Он ловко и быстро делал перевязку своими красными, слегка дрожащими руками, не переставая приговаривать:
- Вот и война ещё не объявлена, а уж у вас баталии кровавые идут! Молодцы ребята. Торопитесь. Наверное, опять эта проклятая дуэль за баней? Кто это ещё отличился?
- Мурзакевич, первого класса, - тихо, будто конфузясь, сообщил Ярунов.
- Такой же головорез! Ах вы разбойники! Вандалы вы этакие! Варвары азиатские, да что вы - в девятнадцатом веке живёте, или в дни печенегов и половцев? Корсиканцы нечестивые! Вендетты справляют! Ножами друг друга пыряют. Да откуда вы, скажите на милость? Из каких дебрей диких? Кто вы такие, где учитесь? Чему учитесь? Ведь звери бессмысленные, и те добрее и разумнее вас! - вне себя от негодования, кипятился Иван Николаевич.
- Обида была большая, Иван Николаевич, перенести было нельзя… - робко заметил Второв.
- Перенести было нельзя? А ты христианин, ты человек? Зверю природа дала рога, чтобы бодать, когти, чтобы рвать, а человеку она дала разум божественный. Вы не достойны имени homo sapiens. Вы просто animalia bimana, скоты двурукие, и ничего больше!
- А нас за что браните, Иван Николаевич? Мы сами отговаривали, да что ж с ними поделаешь? Рассвирепели друг на друга как петухи, - вступился Бардин. - Мы и сами видим, что гадости эти давно пора бросать. Из пустяков кровь человеческую проливать. Ещё и убьёшь, пожалуй!
- А что, были свидетели у них? - спросил Иван Николаевич.
- У Второва мы были с Яруновым, - виноватым голосом признался Бардин.
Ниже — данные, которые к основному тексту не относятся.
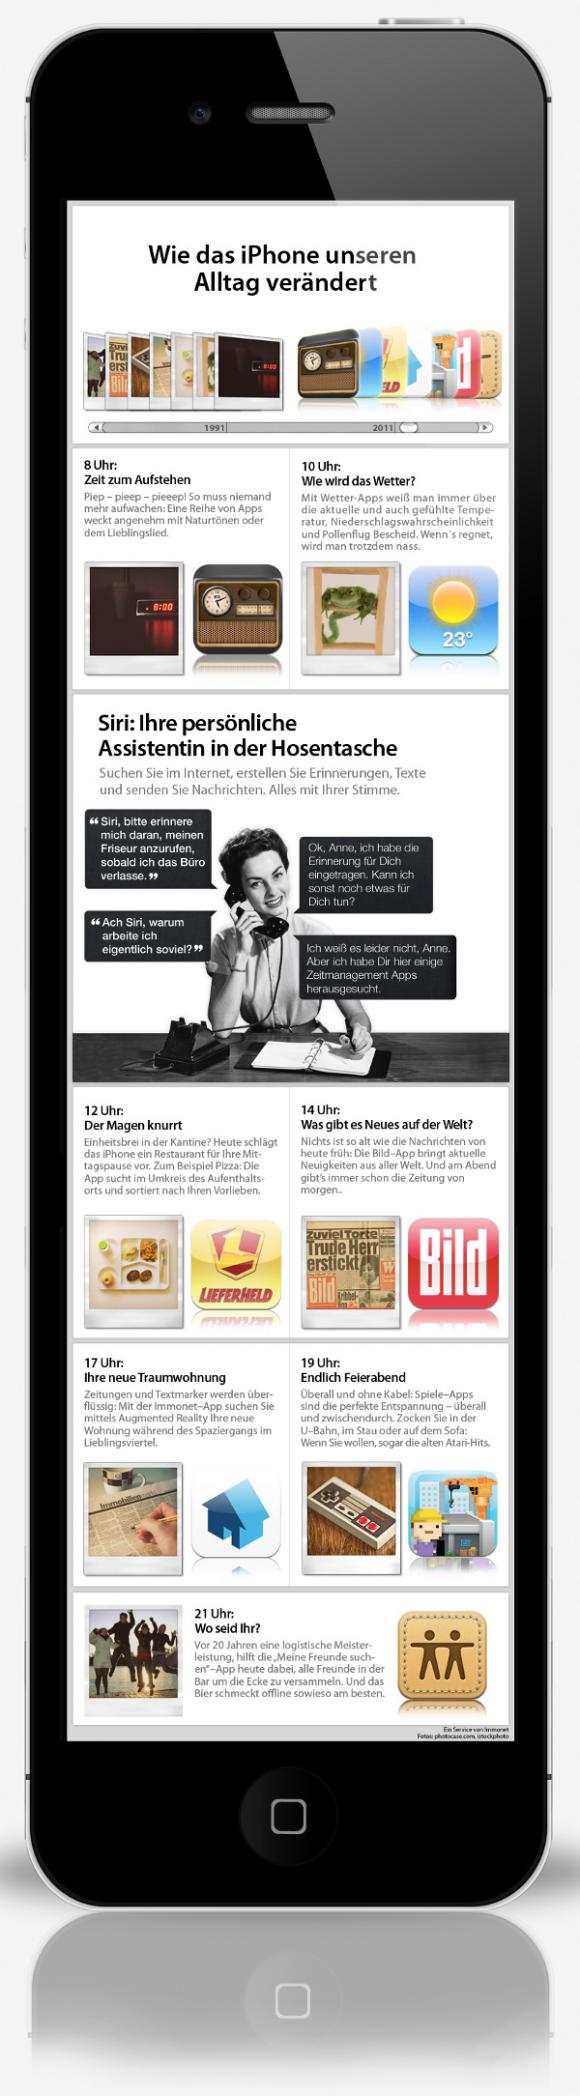 https://www.immonet.de/service/fileadmin/img/infografik/infografik-iphone-final.jpg

- А! Видишь, видишь! А языком что брешешь? - гневно заговорил Иван Николаевич. - Постойте, голубчики. Вы думаете, что Иван Николаевич всё покроет. Иван Николаевич всё нам спустит! Иван Николаевич, мол, гусь лапчатый! Постойте, приятели, покажет вам теперь Иван Николаевич! Терпел, терпел, терпения никакого не хватает. Вот, думаешь, сознали, наконец, люди. Одумались. Ан хвать, они ещё хлеще выдумают. Избаловал я вас совсем, сам вижу, что избаловал. Ну, да довольно теперь. Завтра же еду к господину директору, всю подноготную ему доложу. Это вам не Василий Иванович! Забыли, как Титова с Хорошевским под красную шапку упрятали, белый ремень прицепили? Вот и вам, варвары азиатские, то же самое будет. По-черкесски хотите жить, ступайте ж себе к черкесам!
Не успел смолкнуть звук гневной речи Ивана Николаевича, как тихо растворилась дверь приёмной и на пороге её молча появилась и остановилась в недоумении высокая лысая фигура сурового и внушительного вида в синем вицмундире с орденом на шее.
Появление тени Банко за торжественным пиршеством не так поразило Макбета, как поразил всех нас этот внезапный гость. Мы окаменели на своих местах от изумления и страха. Казалось, теперь всё было открыто и всё погибло. Директор Румшевич, суровый и строгий серб, жил далеко от гимназии и появлялся в ней редко и неожиданно, как deus ex machina, по каким-нибудь чрезвычайным и почти всегда горестным для нас случаям.
В больницу он не заглядывал уже несколько лет. Какой злой рок натолкнул его зайти сюда именно в эту критическую минуту - этого не могла переварить наша растерянная мысль. Иван Николаевич сейчас же опомнился от слишком неожиданного сюрприза, и, мотнув головою на окровавленную куртку Второва, повелительно сказал Ильичу:
- Убери платье, подай халат!
- Здравствуйте, доктор, - сухо, словно сквозь зубы, произнёс директор, не двигаясь с порога. - Что это у вас за перевязочный пункт?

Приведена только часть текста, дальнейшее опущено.